- Directed by: Paul Shapiro Melissa Franklin Robi Blumenstein Jordon Hale Ricky Clark Celia Merkur Kimmie Jensen Andy File Marilyn Becker
- Produced by: Pen Densham John Watson
- Cinematography: Robert C. New
- Production company: Insight Productions
- Distributed by: Harry Smith & Sons
- Release date: October 1973 (US);
- Running time: 13 minutes
- Country: Canada
- Language: English

= Life Times Nine =

Life Times Nine is a Canadian short film, which was released in 1973. Produced by Insight Productions in conjunction with a group of nine students from Toronto, Ontario's SEED Alternative School, the film's concept was for each student to produce and direct their own short film on the concept of life. The filmmakers were Paul Shapiro, Melissa Franklin, Robi Blumenstein, Jordon Hale, Ricky Clark, Celia Merkur, Kimmie Jensen, Andy File and Marilyn Becker.

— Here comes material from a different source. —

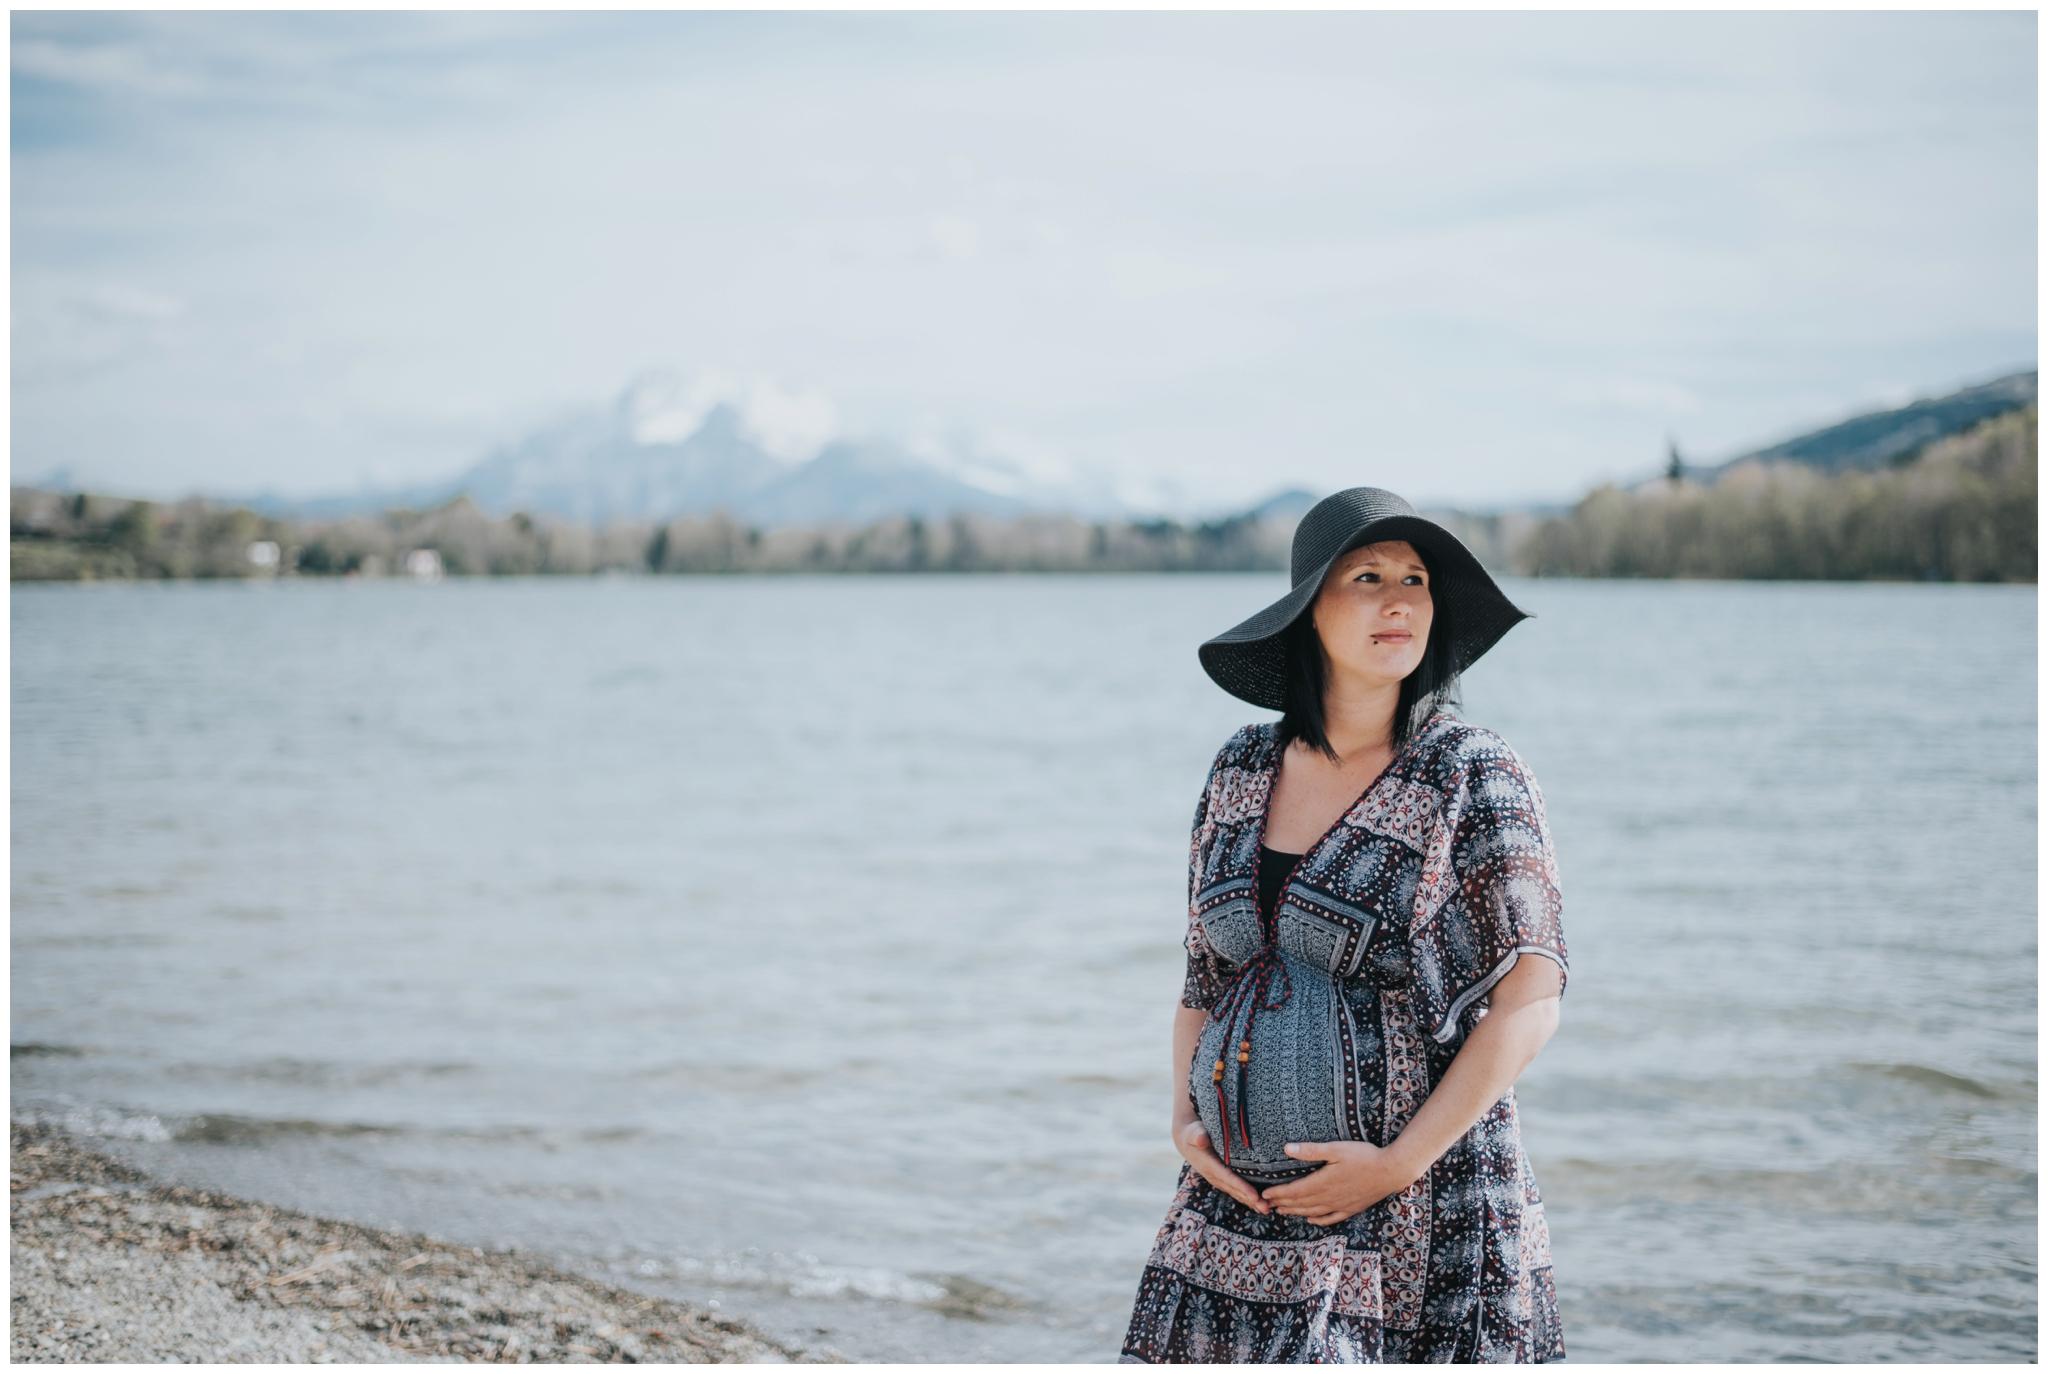 photographe grossesse future maman grenoble annecy lyon naturel lifestyle lac nouveau ne maternite famille seance photo famille _022

The film received an Academy Award nomination for the Best Live Action Short Film in 1974. The federal government of Canada provided the company with a $5,000 grant to ensure that all nine of the student directors were able to travel to Los Angeles to attend the ceremony. Their trip included an invitation from Mel Brooks to visit the set of Young Frankenstein. A journalist also mistook producer John Watson for Paul McCartney and begged him for an interview.